Lupine residues can be over 4.5 t ha⁻¹ of dried matter with a richness in nutrients of N, 1.81%; P₂O₅, 0.4%; and K₂O, 0.72% for a sowing dose of 100 plants per m² [46]. These residues had a higher effect with fallow before wheat, with an increase in yield of approximately 10% with respect to lupine before wheat, which could be related to the beneficial function of weedy fallow in the retention and recycle of the nutrients as described in previous studies [47]. In our trial, the fallow was not cultivated, allowing the development of adventitia until its clearing prior to the consolidation of the seeds.
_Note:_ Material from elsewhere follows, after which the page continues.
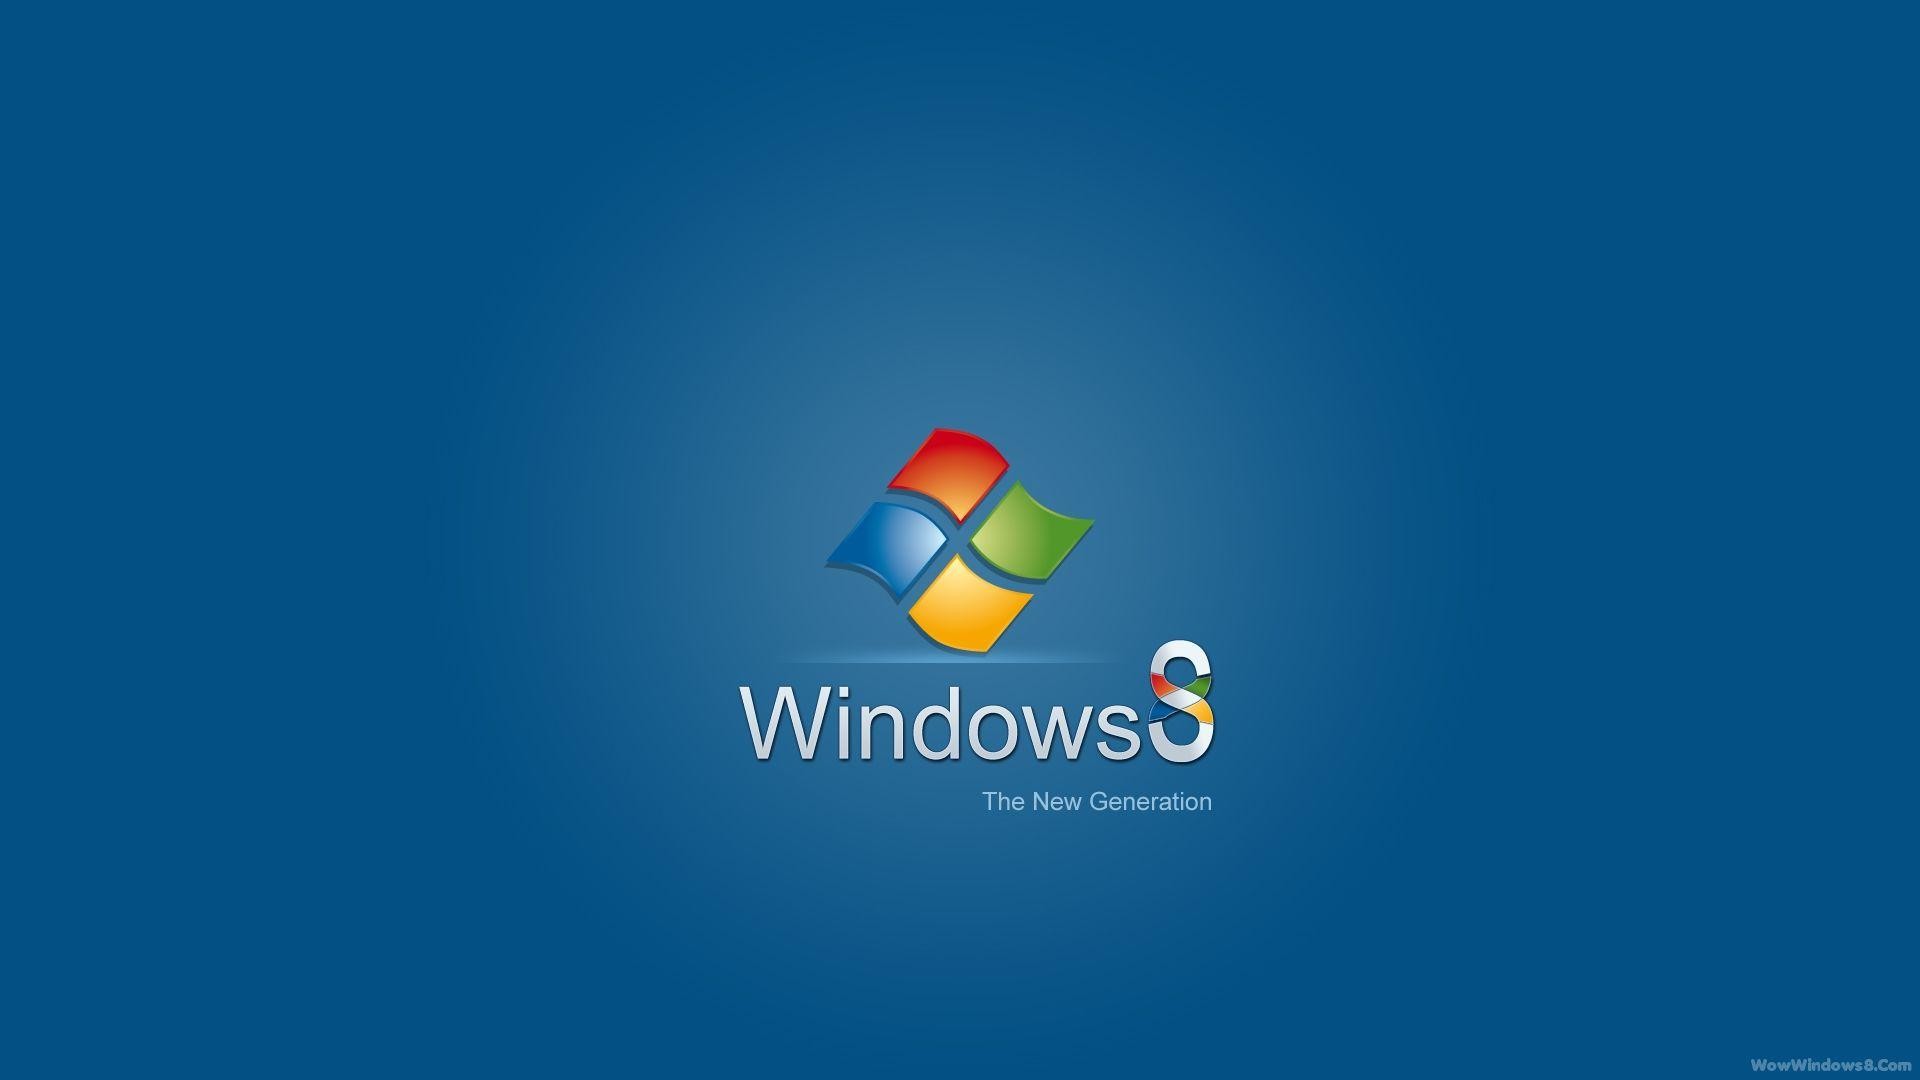 1920x1080 Windows 8 Wallpaper 2012 - Best Windows 8 Wallpapers | Arab .

4.4. Environmental Profile

Rotations A and D were the scenarios with the best environmental performances. This was mainly due to the remarkable difference in the dose of mineral fertilisers applied, where rotations B and E used two times more mineral fertilisers than A and D. Within ‘Caaveiro’ landrace systems, E showed the best environmental performance for categories FE and FET; meanwhile, within ‘Carral’ ecotype rotations, A presented the best profile regardless the category analysed. This is justified by the noticeably higher yield of E (47%) with respect to D, whereas A and B obtained similar yields (Table 1). In this regard, and as was to be expected, the consideration of productivity as the functional unit benefits the scenarios with higher yields. Monocultures C and F had both high mineral fertilisation and low yield; therefore, both scenarios presented the worst environmental profiles. Concerning the environmental hotspots previously identified, the majority of the environmental burdens derived from the fertilisation process. Since legumes have the ability to fix nitrogen [18], rotations with lupine (A, B, D, and E) could experience an improvement of their environmental profiles if a lower dose of mineral fertilisers was applied.

5. Conclusions

The wheat landraces monoculture negatively affected yield and milling quality. It also presented the worst environmental profiles.

The lupine-fallow-wheat rotation sequence increased yield by over 60%. The fallow-lupine-wheat sequence also improved production notably (57%), while implying less environmental impact. With the cultivation of Lupinus albus, the contribution of chemical fertilisers can be reduced or eliminated, reducing environmental burdens.

Soil quality influenced wheat bakery quality, independent of rotation. Higher organic matter contents and lower phosphorus levels meant increases in the parameters W (baking force) and P (Tenacity).